Was enough to light up our face.

He was convinced that any packet that crackled

Contained biscuits of his very own

Every container that was opened

Would miraculously produce a bone.

Occasionally he would want to be pampered

And refuse to eat till fed by hand

Once I had knelt to feed him

He would gobble the food as if at a pizza stand.

He loved being scratched on the head

And would close his eyes during a tummy rub

Enjoyed getting wet and having a bath

Whether under a shower or in the tub.

When we returned from even the local store

He used to go mad and jump from place to place

And at the height of his ecstasy

His wet tongue would, by turns, slobber our face.

All in the neighbourhood asked about Tintin

And for the local kids, he was a walking talking toy

Everyone knew him by name, sight and sound

He was a celebrity, the area’s blue-eyed boy.

The doorbell was his signal for going crazy

He welcomed every visitor with a rare elan

Anyone who met him fell in love with him

Whether another pet, woman, child, or man.

Running on the streets or garden

Was the pastime at which he excelled

Or pulling at a shoelace, running off with a sock

Or simply yanking at a leaf that we held.

He was very scared of loud noises

People shouting upset him too

He cowered and barked alternately

But in a jiffy was as good as new.

Wary of car rides when he was a baby

Preferred to stay in the comfort of home

But soon he became a veteran traveler

His adventures could easily fill a tome.

He’d amble upto me with loving eyes

Knowing exactly when I was upset or such

He’d gently nudge me with his paw

And that felt like no other healing touch.

He trusted me blindly and implicitly

Because his Bauji could never be wrong

Thunder and crackers terrified him

But he’d venture anywhere fearlessly if I went along.

Sometimes, when he was feeling low,

He would just come and stare

And as if our gazes were speaking

He told us what was wrong and where.

He lived a loving and carefree life

And knew the meaning of everything we said

The mention of some of his favourite things

Would make him sit up and cock his head.

He never left my side for nine years

Did anything that I asked him to

I never believed such a companion could exist

I was lucky to have a friend so true.

Happy with just a twig or a piece of string

He just gave and gave to all his everything

Total faith and companionship he knew best

Right until he opted for his final rest.

Funny how he always understood my every gesture

On my every command he would devotedly dwell

Except on that last fateful visit to the vet

When I asked him to return quickly and well.

The bushy tail wagging and thumping

Golden mane blowing in the breeze

Eyes staring adoringly at his loved ones

These are etched on my mind like a frieze.

One day he fell sick, but not a whine

Quietly accepting all that the medics would do

Just a moment ago he peeped in at my door

It’s sad that was his final adieu.

When he died I felt as if I had died too

For he treated me as if I was his father

And my two sons and wife he doted on

Just as they were his brothers and mother.

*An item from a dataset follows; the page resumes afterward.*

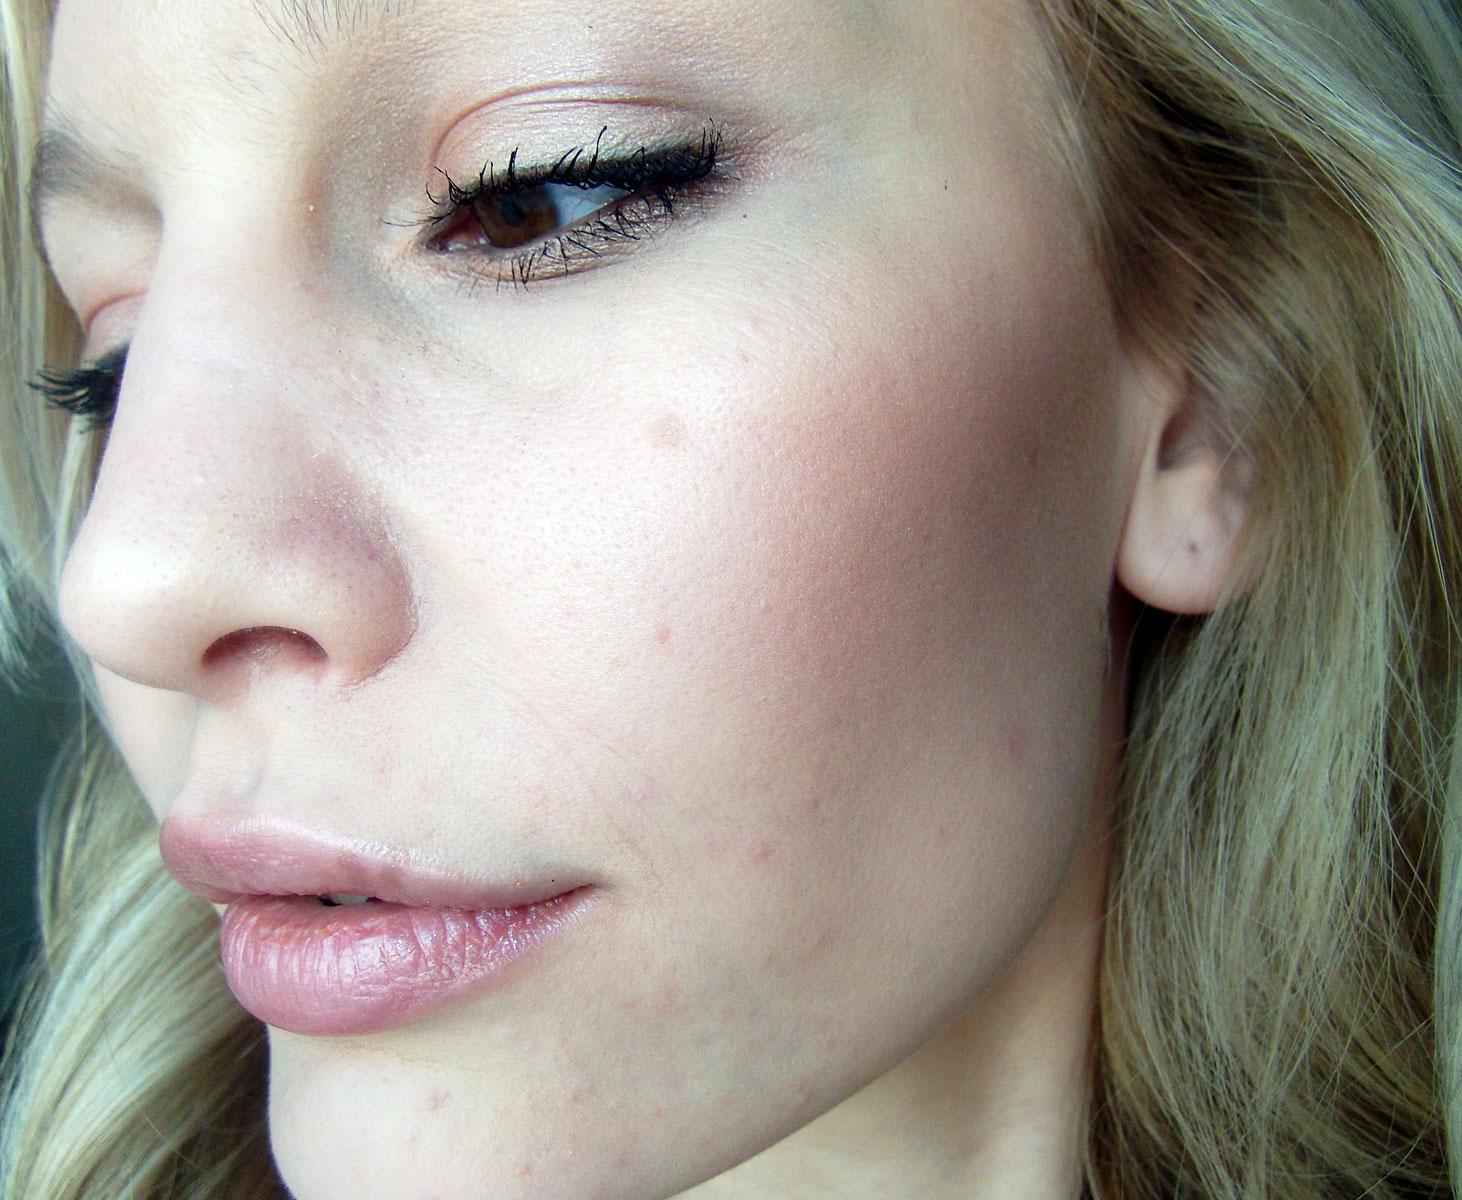 http://2.bp.blogspot.com/_NwQtJRkWjdo/TQ9xoow2f9I/AAAAAAAAGe0/8pekyuVnEmQ/s1600/Kate-Hudson-Makeup.jpg
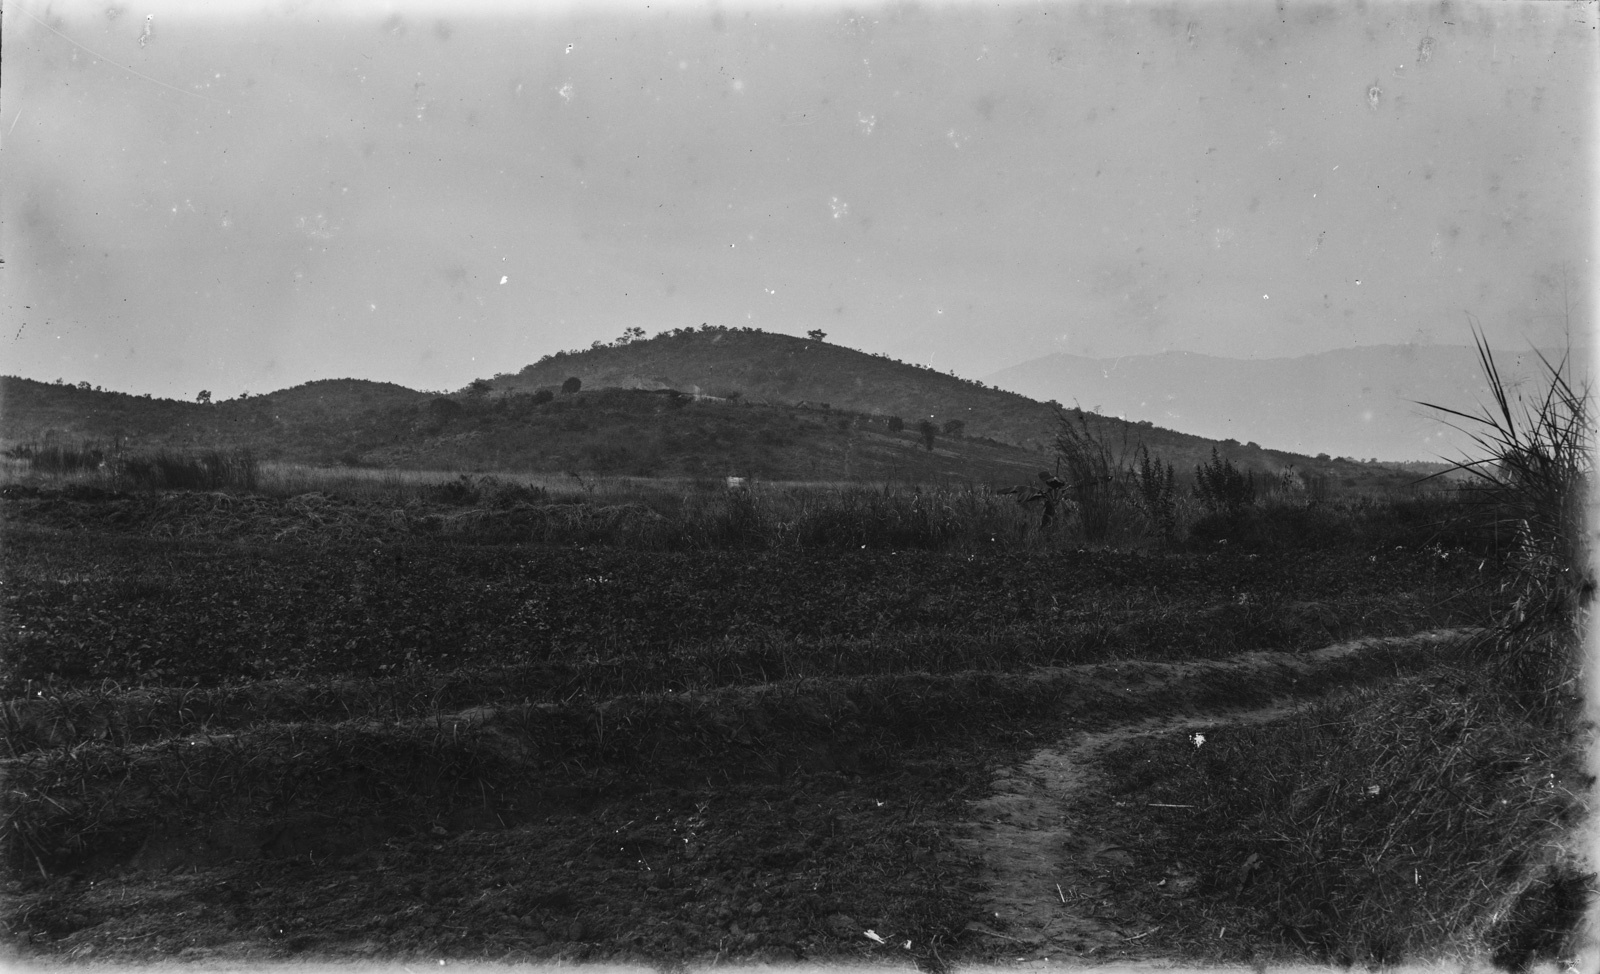 33. Вид на холмистый пейзаж в районе Корогве

He made us know the meaning of love

And then said a silent goodbye

In so short a time he stole our hearts

And left us forever to remember and cry.

Little did I know till he was no more

What that noble soul meant to me

He lived in style and died in style

Everyone who knew him will agree.

Oh! I’d give anything just to hear his pant again

Or just smell his heady odour like an evergreen tree

Oh! To feel him cuddle up against my leg

To once more see his eyes gazing at me.

Never made a demand or even a fuss

Was loving and caring when even in pain

He was just a dog, but when men do the same

They are called saints or even Jesus by name.

Now his memory lives on in my heart

I wish him well in that new world of his

That tiny soul touched me like no-one else could

His friendship felt like the most wonderful kiss.

Goodbye, my friend – I’ll always love you

We’ll meet soon, I promise from my heart,

When you see me just bark and wag your tail

That day no one will ever make us part.

Till then, take care, Tintin darling

And rest in peace knowing that I’ll always be your friend

Till then, play with the Lord and make him happy too

I’ll join you soon and we’ll chase each other again.